-- REQUIREMENT --
Transcribe all the lines below exactly. Omit the pictures.

-- DATA SHOWN --
══════
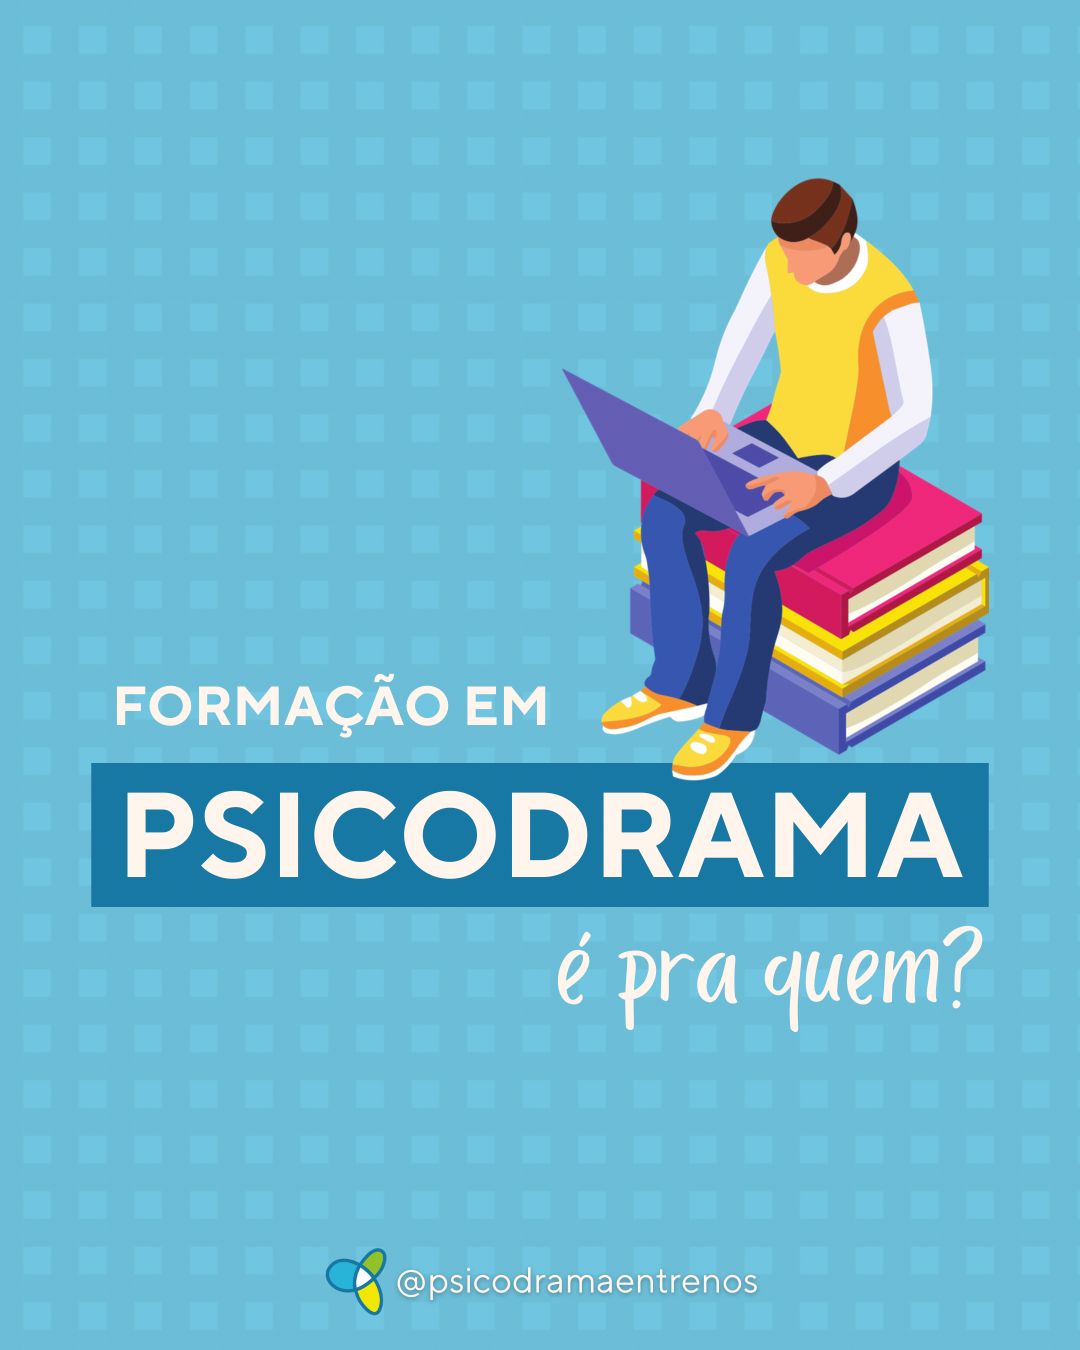 You are currently viewing Curso de Formação em Psicodrama
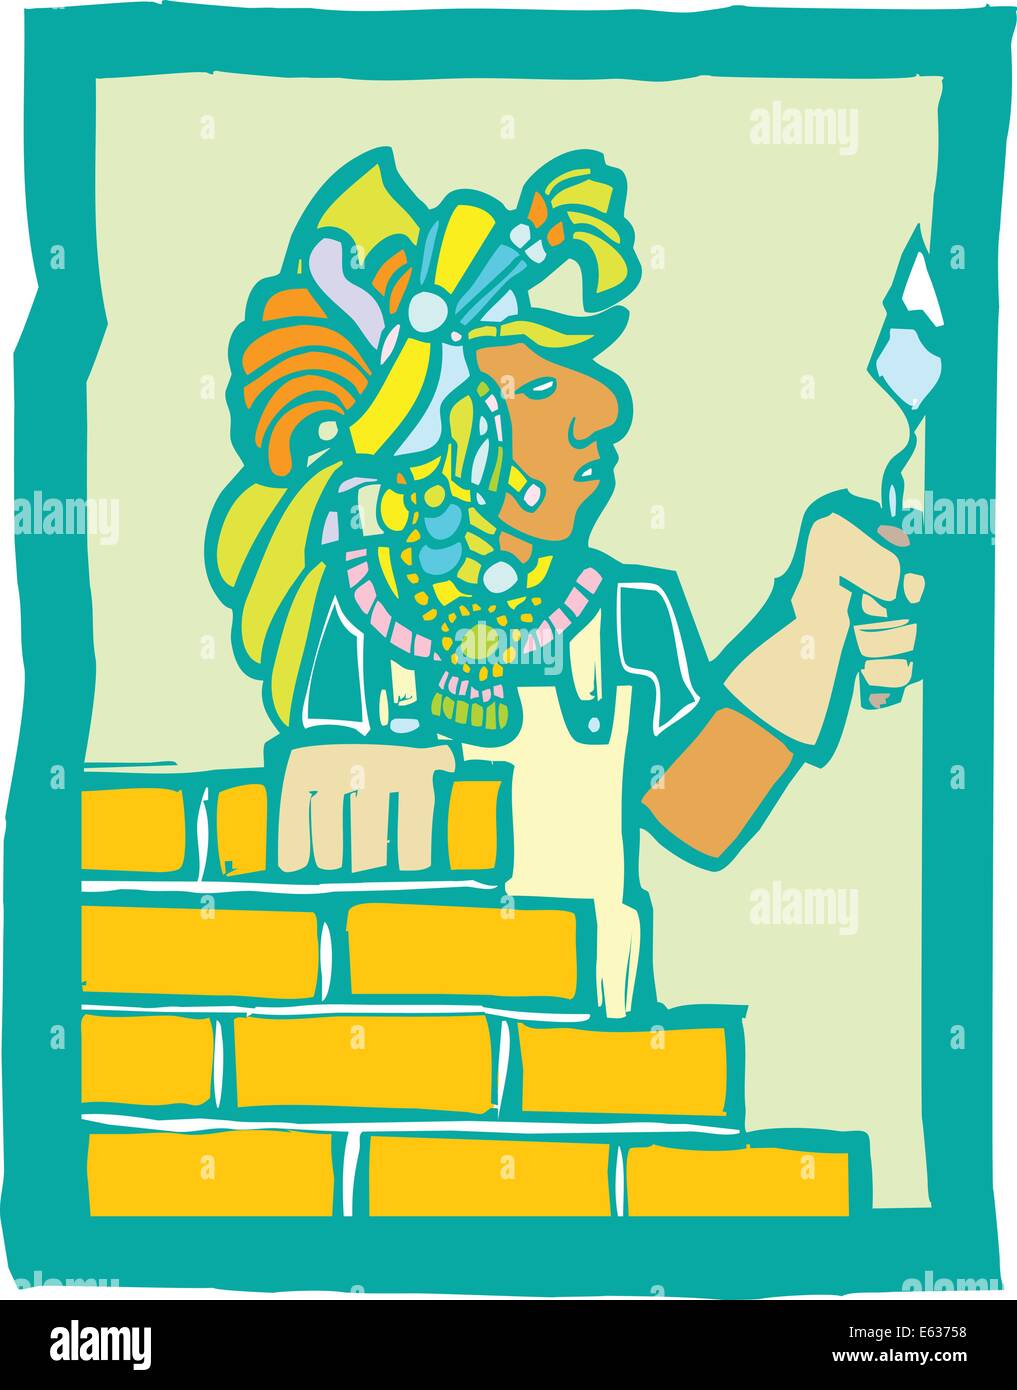 Mayan Temple style image of a mason laying bricks Stock Vector
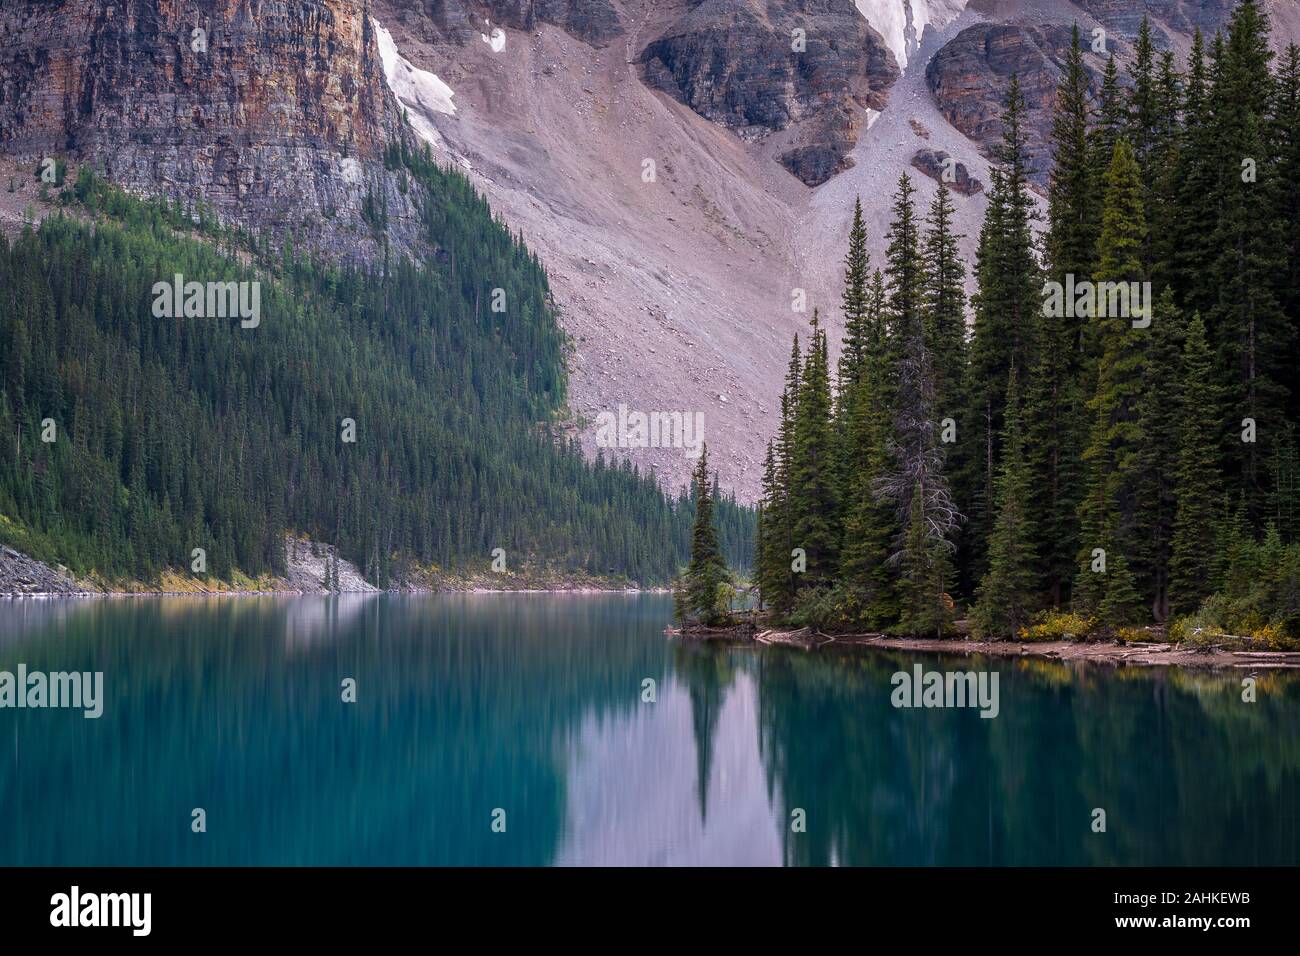 Superbe vue sur de grands arbres et montagne avec reflets dans l'eau bleu turquoise de l'eau du lac Moraine, Banff National Park, Alberta, Canada Banque D'Images
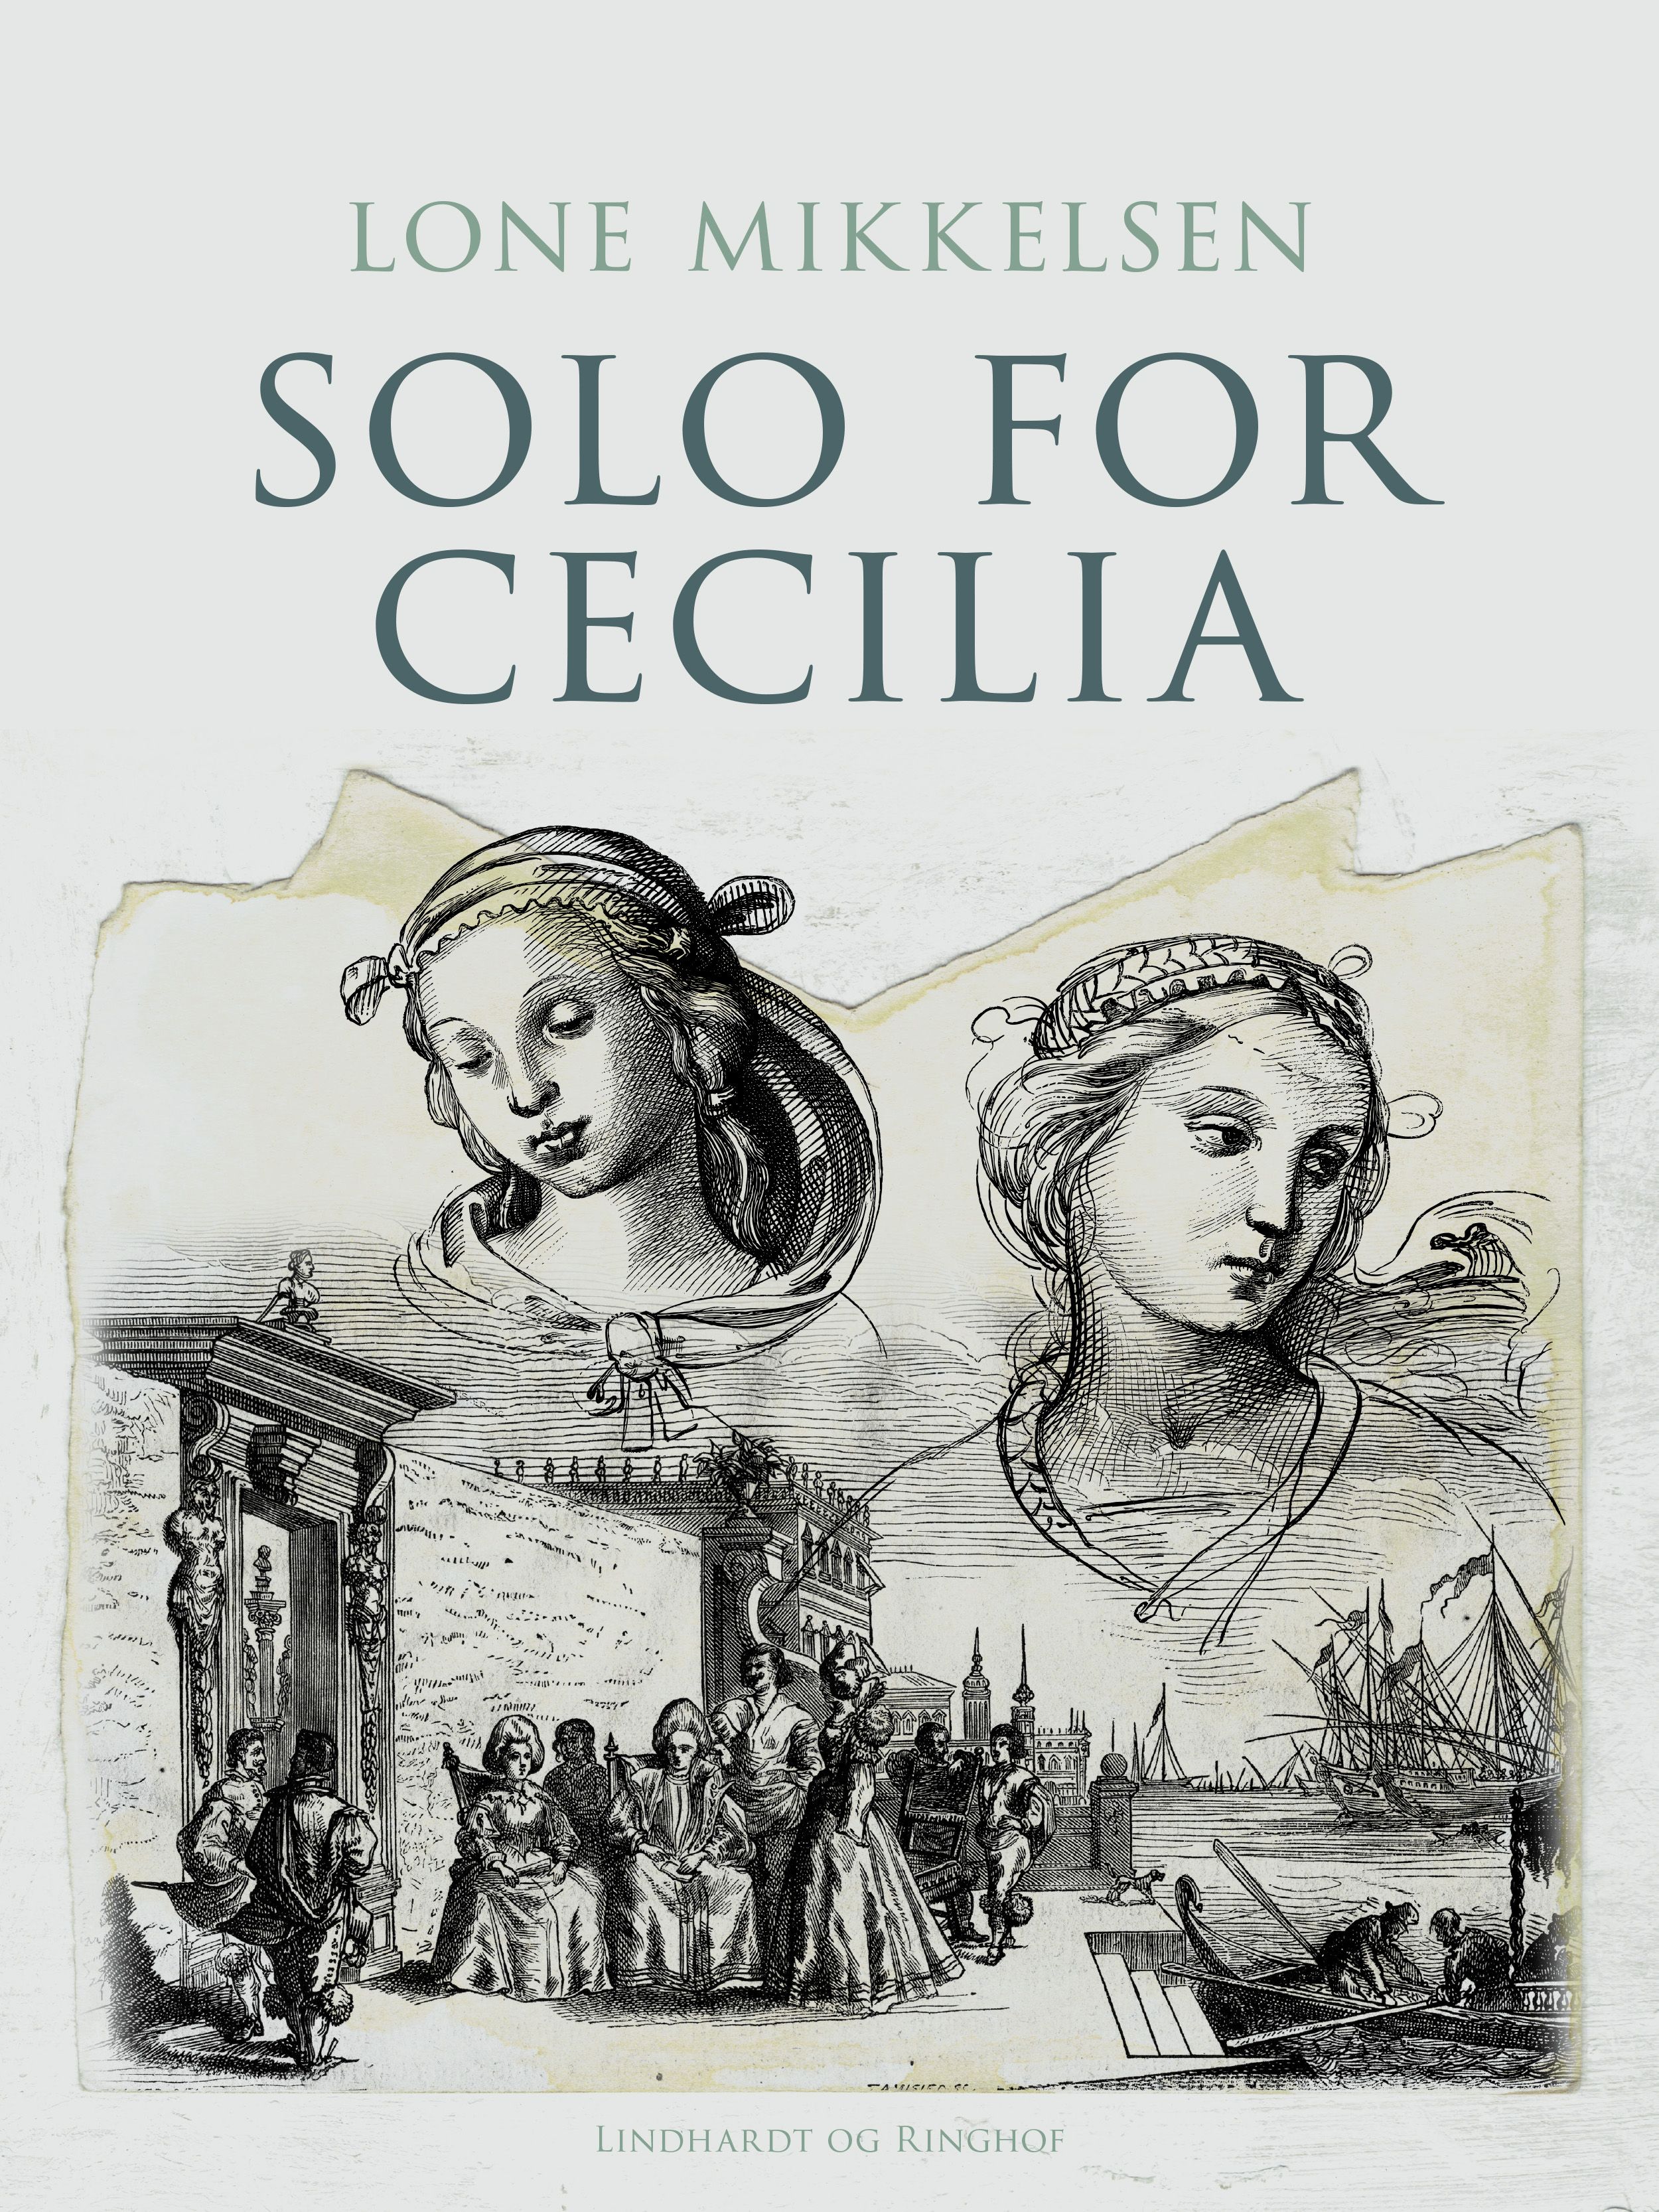 Solo for Cecilia, e-bok av Lone Mikkelsen
══════
-- WRITTEN SOLUTION --
 You are currently viewing Curso de Formação em Psicodrama
 Mayan Temple style image of a mason laying bricks Stock Vector
 Superbe vue sur de grands arbres et montagne avec reflets dans l'eau bleu turquoise de l'eau du lac Moraine, Banff National Park, Alberta, Canada Banque D'Images
 Solo for Cecilia, e-bok av Lone Mikkelsen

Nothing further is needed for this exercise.